Asha eats and watches the mehndi artists demonstrate their handiwork. When one of the artists is free, Priya nudges her forward. “Something simple,” Asha says, “like that, maybe.” She points to a sun design worn by another girl. In under five minut
es, both of Asha’s palms are adorned with radiant spheres. The mehndi artist applies a layer of lemon juice and then oil to the design after it dries, and tells her to leave it on for as long as possible for a dark stain. In the morning, she is fascinated by the beautiful red designs left behind after she scrapes off the dried mudlike material, and can’t stop looking at her own hands all day.
THE WEDDING TAKES PLACE TWO NIGHTS LATER. AS SOON AS Asha walks through the gates of the Cricket Club of India, she stops cold at the sight before her. The entire grounds, perhaps the size of two football fields, are covered in luxurious furnishings that have been transported here for the occasion: ornate chaise lounges, carved tables, silk pillows, tented ceilings draped delicately overhead.

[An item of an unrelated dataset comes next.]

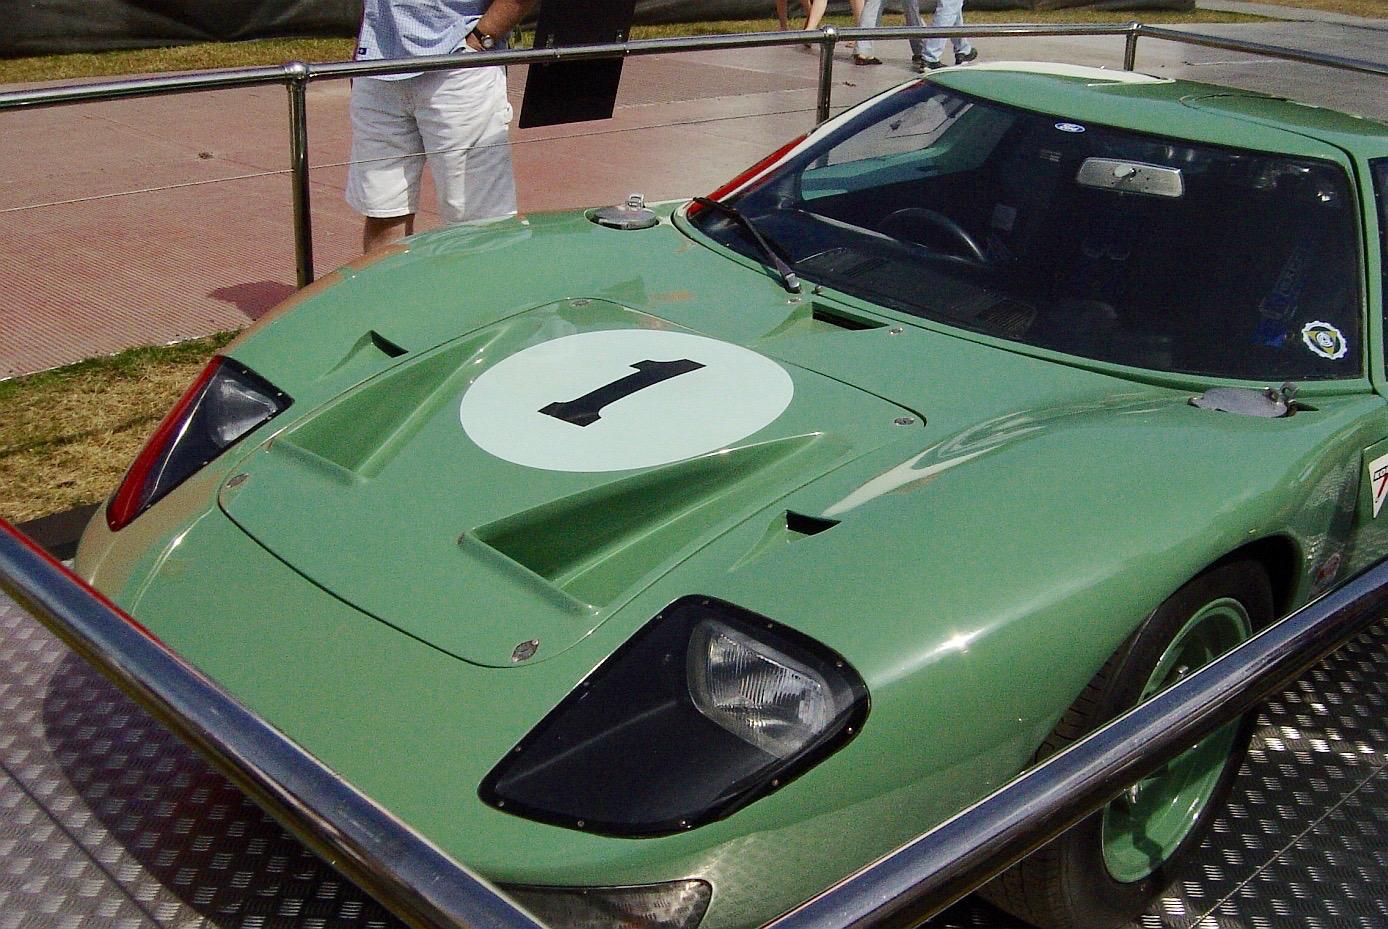 GT40 Goodwood Green Car 3.jpeg

It looks like an enormous outdoor palace. There are thousands of guests milling about, and an almost equivalent number of servers holding silver trays of food and drinks. Asha’s concerns about looking too flashy in her new lengha are supplanted by the realization that she is rather underdressed compared to other women, draped in lustrous saris and dripping with jewelry.
“Come on, yaar,” Priya says, grabbing her by the elbow. “Close your mouth, you look like you’ve never been to an Indian wedding before!” Asha follows her cousins around mutely for a while, staring in wonderment at the transformation of the cricket field. She wonders whether her parents’ wedding was like this, and then remembers the framed photo that hangs in their bedroom, of her mother in a simple sundress and her father in a suit at Golden Gate Park.
“…And this is Asha, my American cousin. She’s not only beautiful, but brilliant too,” Priya says, nudging her in the ribs. Asha shifts her attention to see an extended hand in front of her, and follows it all the way to its owner. Her eyes widen at the sight of him.